If the politician persists, then he is either deliberately flouting the requirements of justice or denying the authority of the church to outline those requirements. In either case, he is risking his soul and breaking the church’s unity, of which the sacrament of communion is the sign. He is also, by his example, teaching other people, both Catholics and non-Catholics, that a Catholic does not compromise his faithfulness by so voting. He is, in Catholic argot, “giving scandal.” To deny communion is not, pace McCarrick, to use it as a political weapon. The point of the denial is not to punish the politician or even to change his behavior (however welcome that would be). Maintaining the integrity of the sacrament of communion is an important goal in its own right for the church, not a means to an end.

Not everyone sees it this way. Kerry says that church officials should not be telling politicians how to vote. Liberals, including Catholic liberals who themselves favor legal protection for the unborn, wonder why the church is not denying communion to politicians who have voted for the death penalty, or the Iraq war. The left-wing National Catholic Reporter suggests that a pro-choice Kerry who spent money on social programs could reduce abortion more than a nominally pro-life Bush.

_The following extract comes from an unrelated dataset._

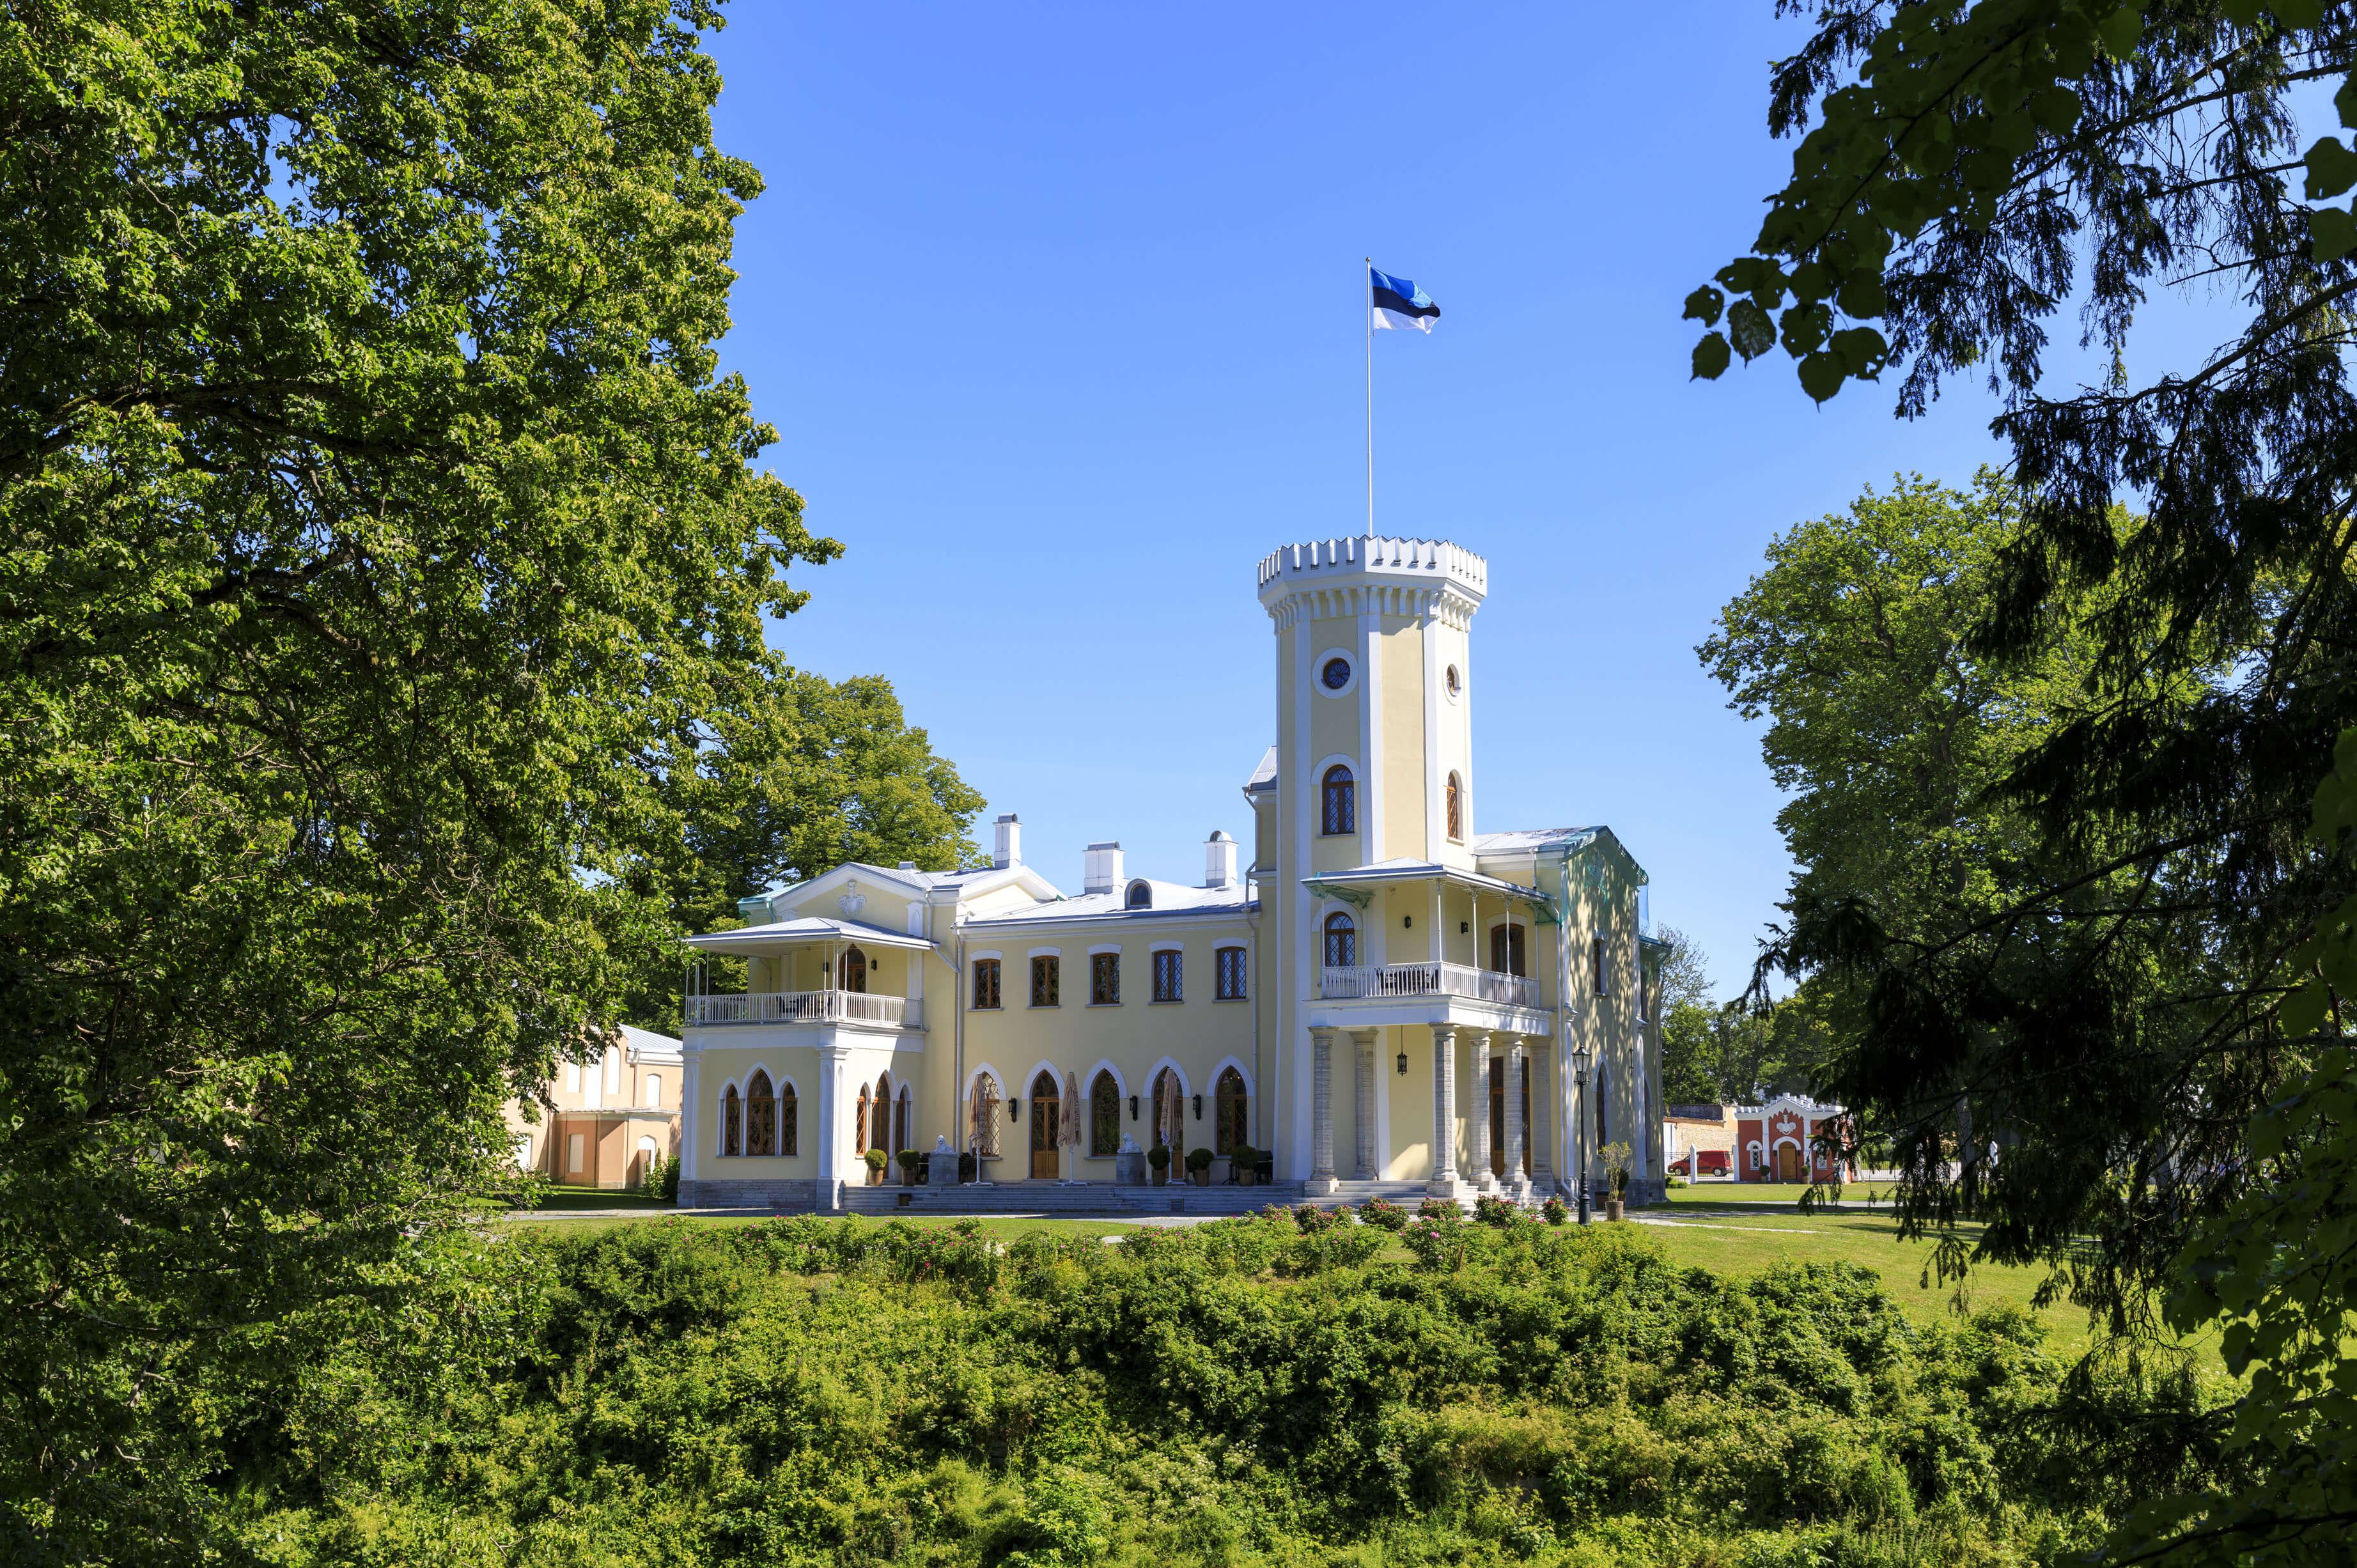 Castle or manor of Keila Joa in Estonia

The communion-denying bishops have an answer on each point. The church cannot force legislators to vote one way or another, but can say what the spiritual consequences of their votes are. While the church generally opposes the death penalty, it does not believe its imposition to be gravely unjust, as abortion is. It proposes norms to govern the decisions of statesmen regarding war and poverty, but it leaves to them the prudential judgments about what those norms should dictate. The Pope has never said that faithful Catholics may not fight in Iraq, or implement the death penalty. He has said that Catholic doctors may not participate in abortion. And even if some mix of welfare policies brought the abortion rate to zero — a doubtful proposition — the church would still hold the legality of abortion to be an injustice.

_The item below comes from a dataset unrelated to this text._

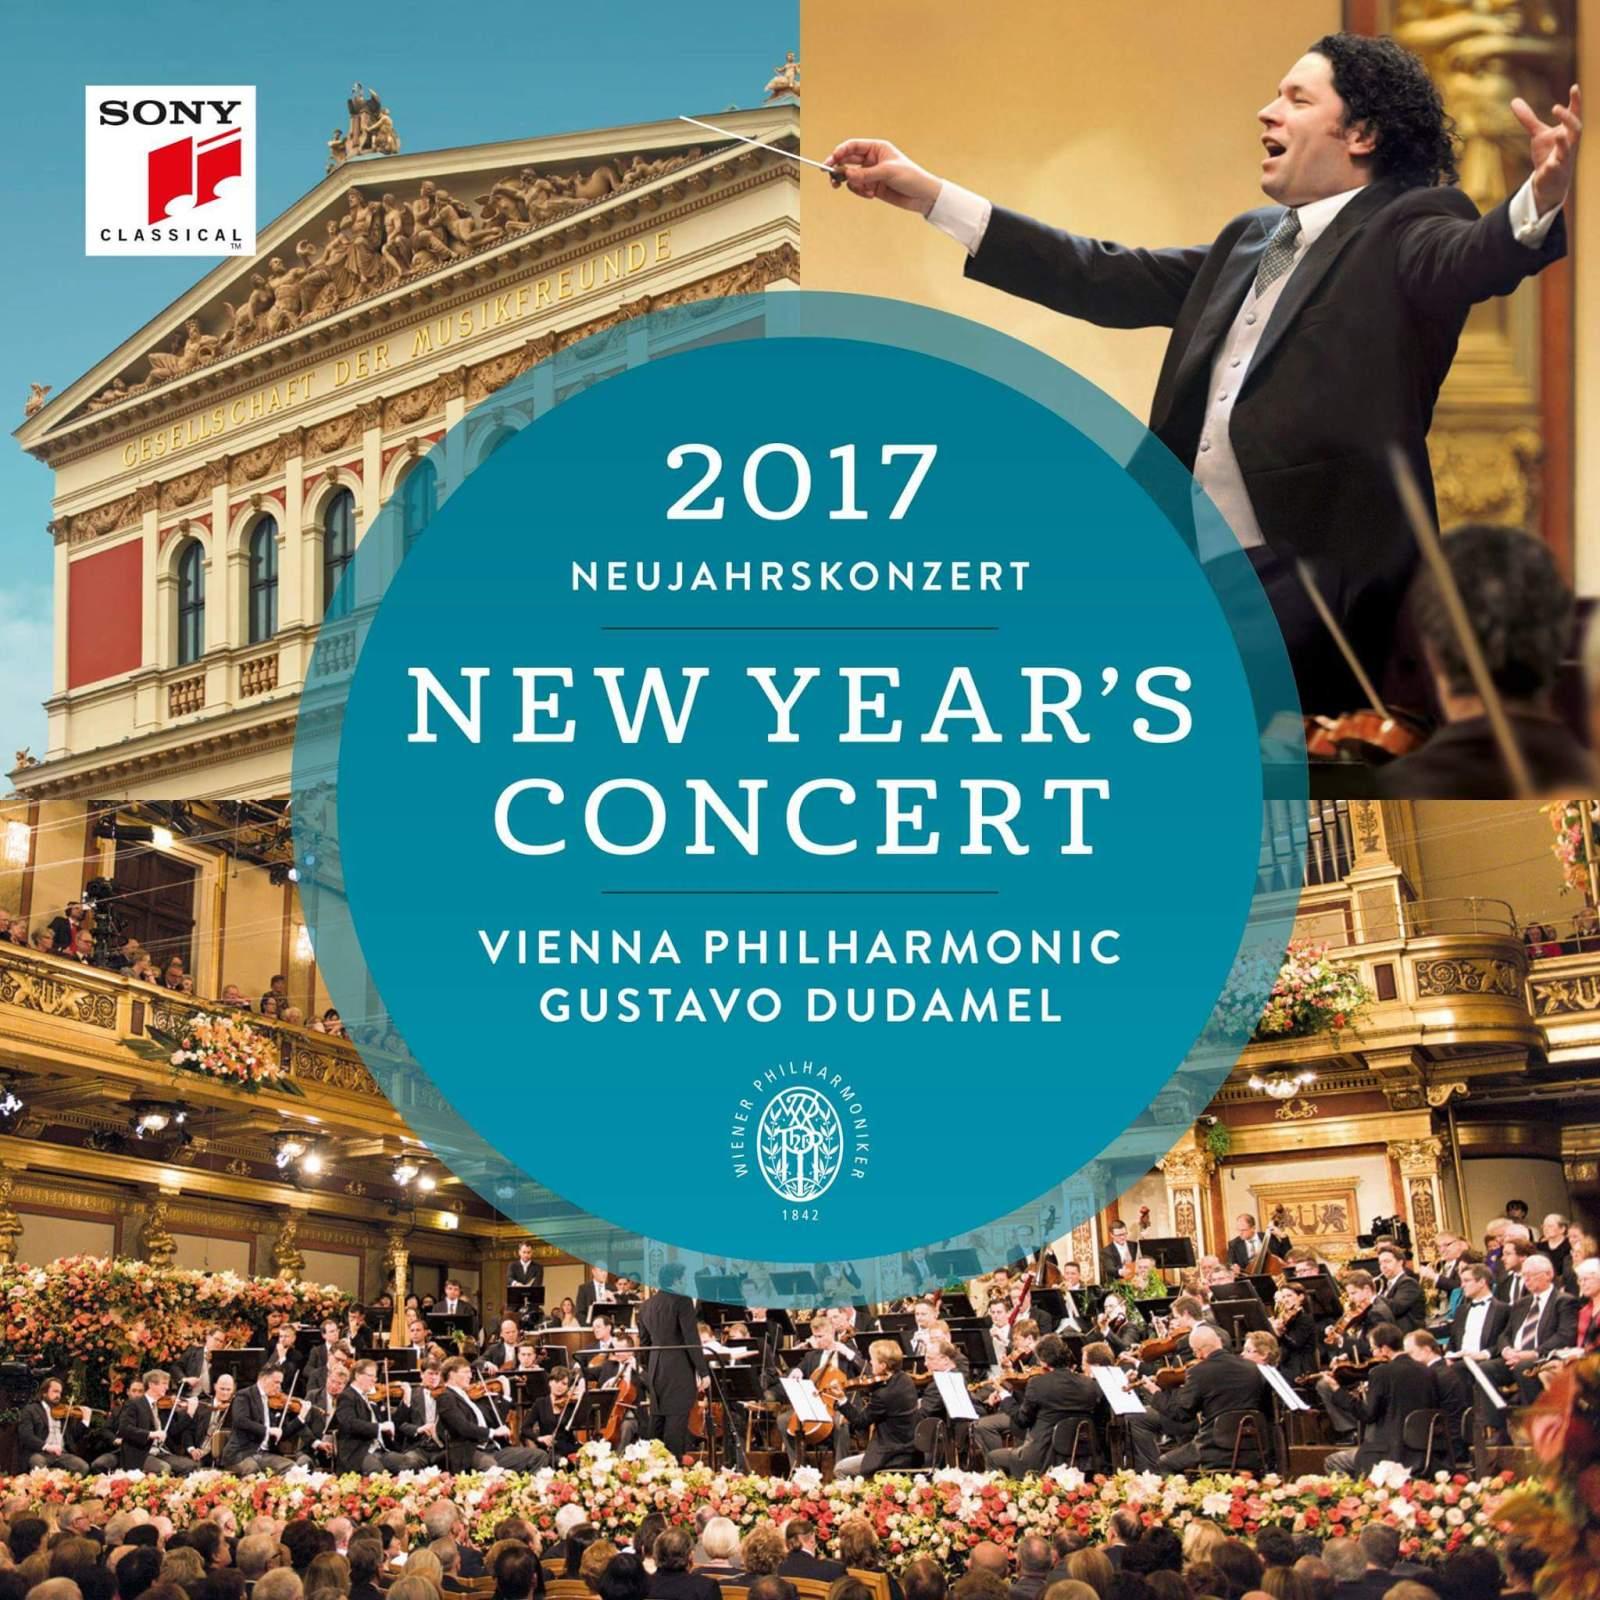 Wiener Philharmoniker Vienna New Year's Concert 2017

Politicians have a special responsibility to promote justice for the unborn. But in principle, any Catholic who lends public support to the cause of legal abortion — a journalist, for example — is giving scandal as well. Nor is abortion the only sin that can, in church teaching, endanger a politician’s soul. In 1962, Archbishop Rummel of New Orleans excommunicated segregationist politicians who had tried to block the integration of church schools.

But communion can be denied to sinning politicians only in clear-cut cases. The bishops support the Federal Marriage Amendment. But they recognize that Catholic politicians can object to that amendment for legitimate reasons. If a politician objects to the amendment because he rejects church teachings on sexual morality and the family, and says so in public, that would be a different matter. But even such a politician would not be committing the kind of injustice involved in legal abortion.

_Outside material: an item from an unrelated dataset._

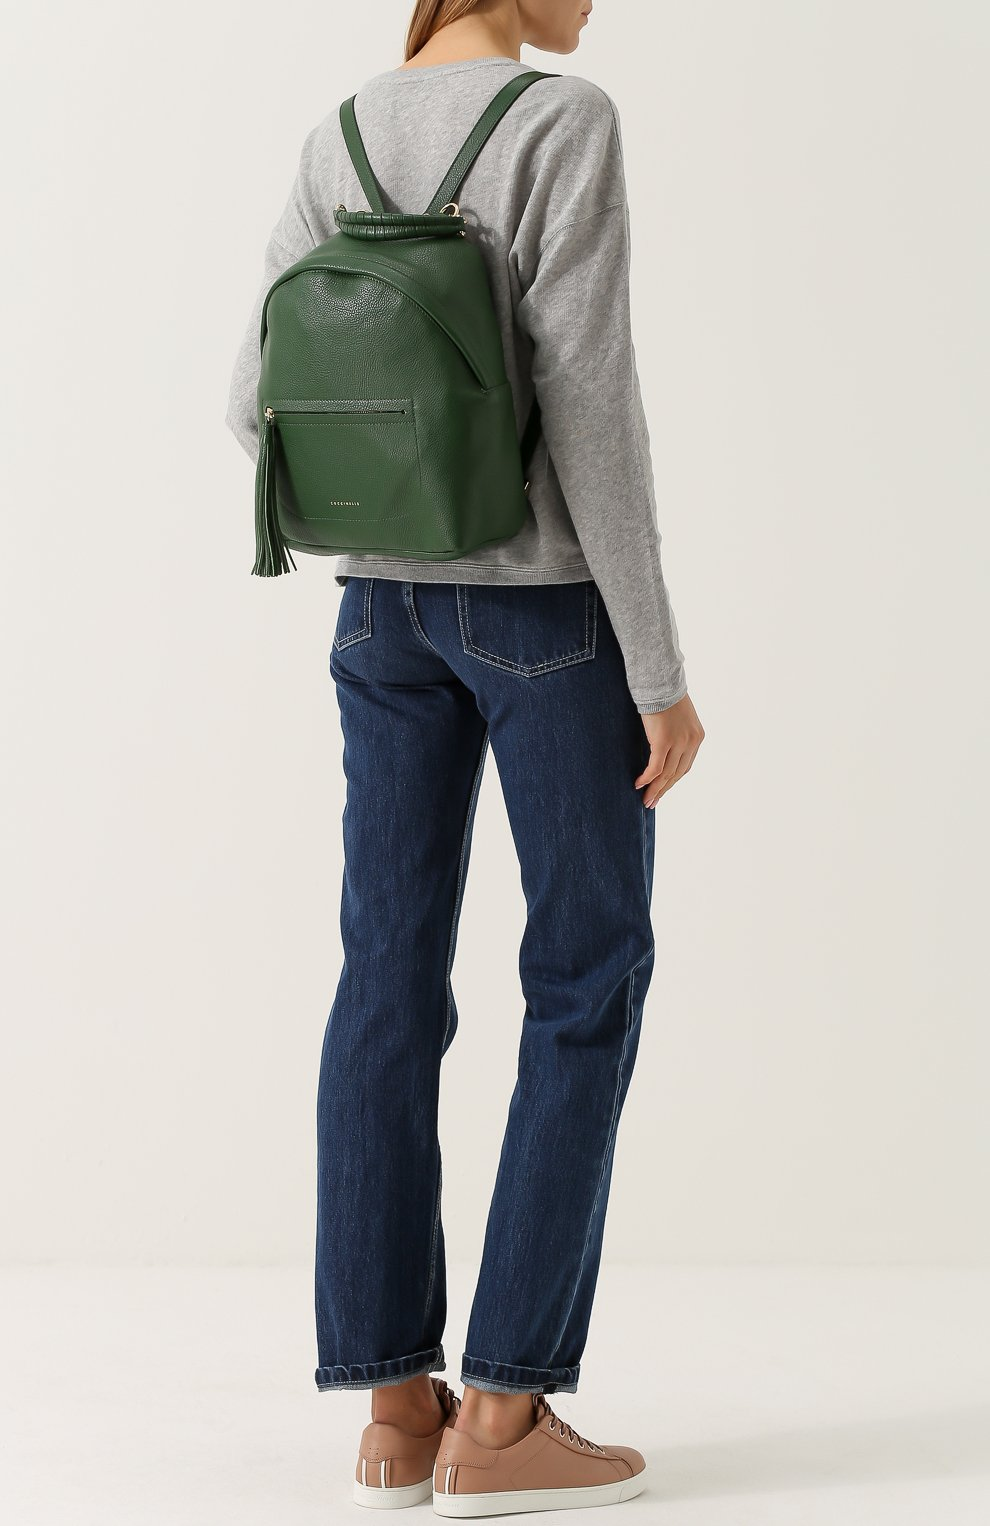 Рюкзак Leonie Coccinelle зеленый   Фото №2

While I’m accused of trying to co-opt religion to fit whatever talking points Karl Rove, or Ed Gillespie, or whomever is handing them out these days sends me, I’m actually doing something quite dramatically different: The Catholic is challenged to take the precepts he (hopefully) learns – on Sunday, in Catholic school, and from the Holy Father speaking on matters of faith and doctrine – and make them a part of his daily life. If he is a religious, teacher, politician, journalist, or otherwise in public life, there’s a special challenge to avoid scandal. If he is a voter, he is to be guided by his faith. Many issues are up to prudential judgments. Some aren’t. Abortion is not up for negotiation. And that’s not simply reading my crazy right-wing fetus-love into my Church.